- Born: Rita Kaplan January 22, 1928 Brooklyn, New York
- Died: August 7, 2022 (aged 94)
- Occupation: Professor of English

Academic background
- Education: University of Minnesota; Queens College;

Academic work
- Discipline: American literature
- Institutions: SUNY Geneseo; University of Minnesota; University of Rochester;
- Main interests: Nathaniel Hawthorne

= Rita K. Gollin =

American literature scholar (1928–2022)

Rita Kaplan Gollin (January 22, 1928 – August 7, 2022) was a professor of English and a scholar of American literature.

==Life and career==
Rita Gollin was born Rita Kaplan on January 22, 1928, in Brooklyn, NY. She graduated magna cum laude from Queens College with a B.A. in English in 1949, and received her M.A. in English from the University of Minnesota in 1950. She earned her doctorate in English from the same university in 1961 under Professor C. H. Foster.

She was a professor in the English Department at the State University of New York at Geneseo from 1967 to 2002, where she was named Distinguished Professor in 1995. Before that, she taught at the University of Minnesota and the University of Rochester.

She was a scholar of the life and works of Nathaniel Hawthorne, on whom she has authored several books and many articles. Her 1979 book, Nathaniel Hawthorne and the Truth of Dreams, published by the Louisiana State University Press, is consistently included in Hawthorne bibliographies. Her later publications pursued visual-textual studies, focusing on the iconography of Hawthorne portraiture, and a biography of Hawthorne's publisher's wife, "Annie Adams Fields, Woman of Letters." She also edited scholarly editions of Hawthorne's The Scarlet Letter.

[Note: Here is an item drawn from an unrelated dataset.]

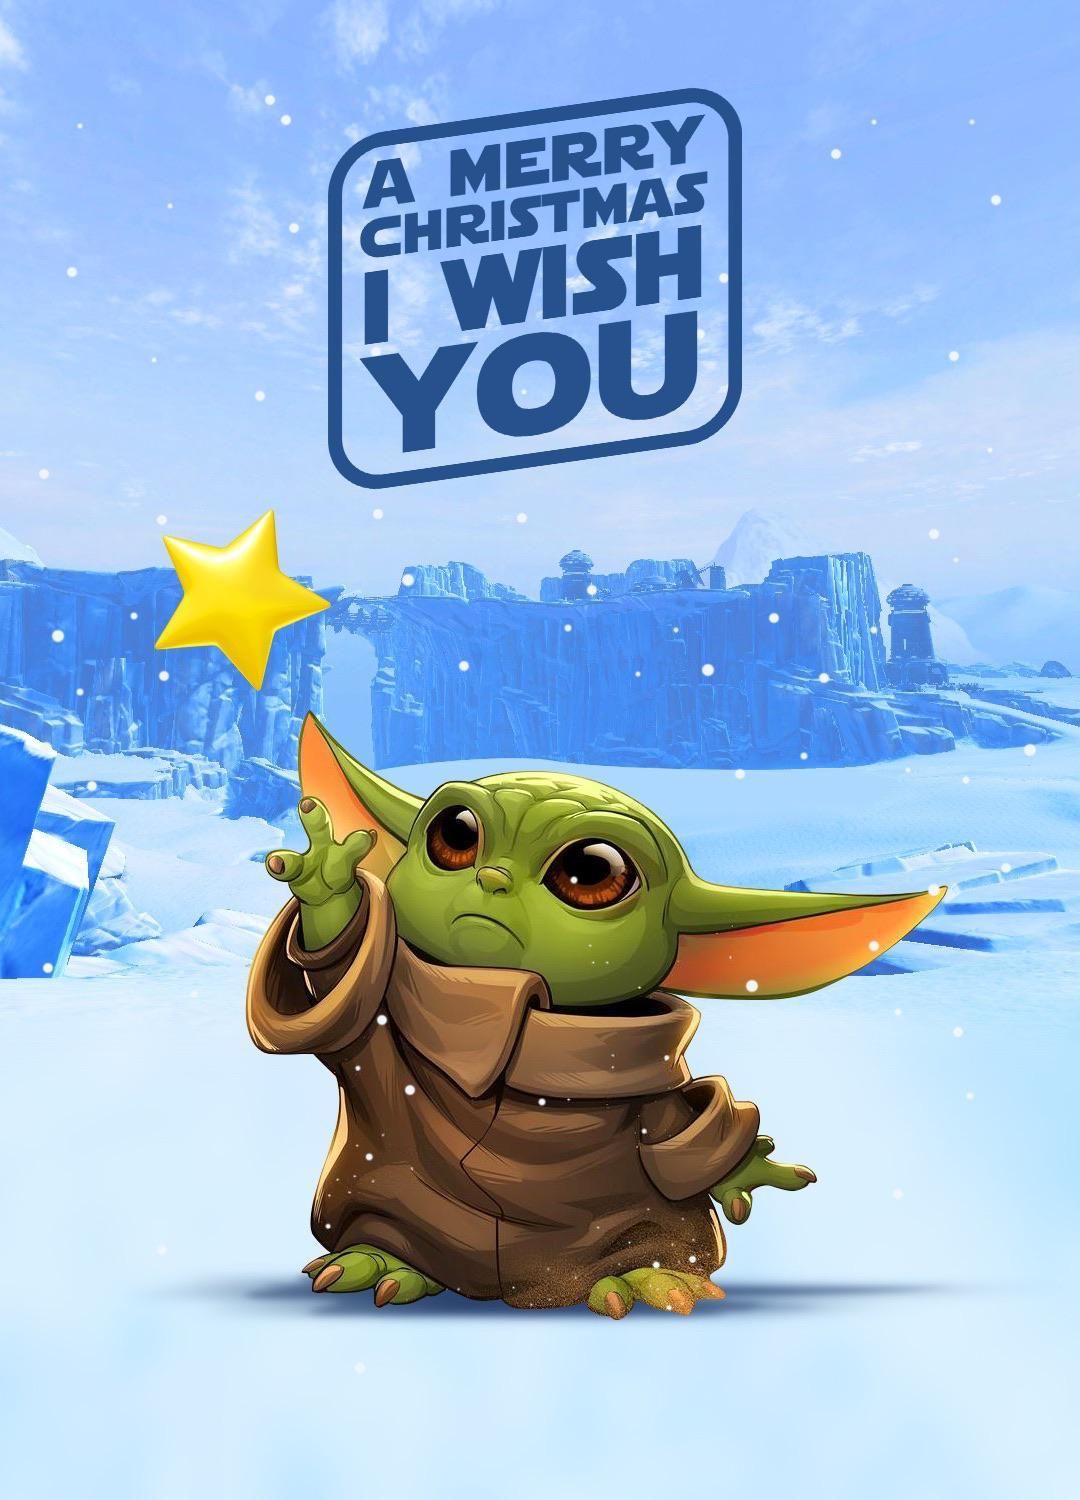 A Merry Christmas I Wish You. R BabyYoda. Baby Yoda In 2020. Star Wars Drawings, Star Wars Picture, Star Wars Christmas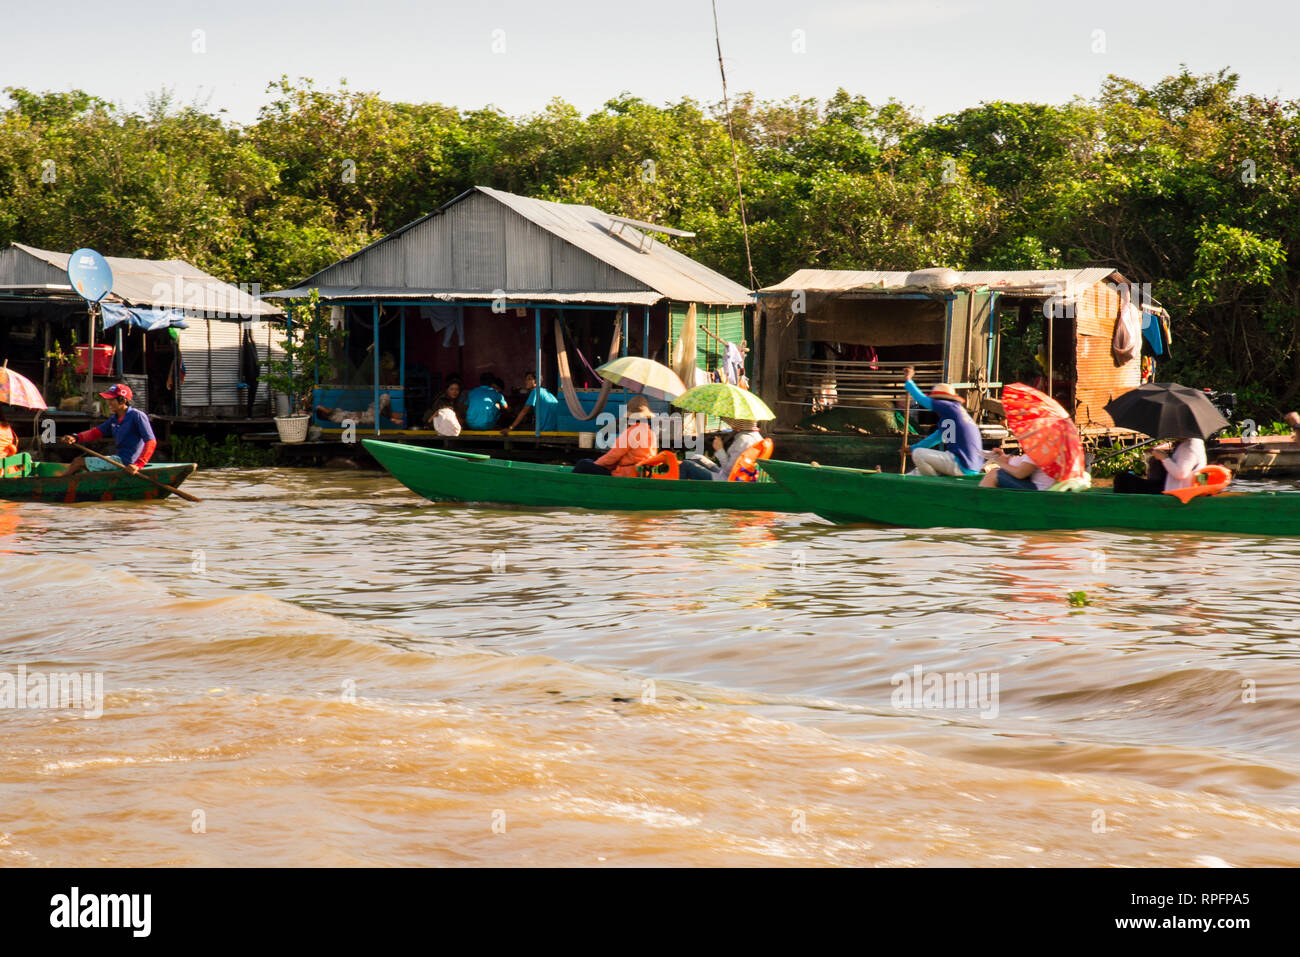 Tonle Sap Lake in Cambodia, home to thousands of Vietnamese Cambodians who are people without a country living off subsistence fishing. Stock Photo

She received grants from the National Endowment for the Humanities (NEH), as well as the Grace Ellis Ford Fellowship from the AAUW and a State University of New York Research Foundation Fellowship. She was president of the Nathaniel Hawthorne Society from 1981 to 1982 and of the Northeast Modern Language Association of America (MLA) from 1978 to 1979.

==Personal life==
She married Dick Gollin in 1950. They lived in Rochester, New York, and had three children; their son Michael died of ALS. She died at 94 on August 7, 2022.

==Legacy==
Upon her retirement in 2002, Gollin endowed the Department of English at SUNY Geneseo with the Rita K. Gollin Scholarship for Excellence in American Literature. The award goes to one graduating senior and one junior who have demonstrated excellence in the study of American literature.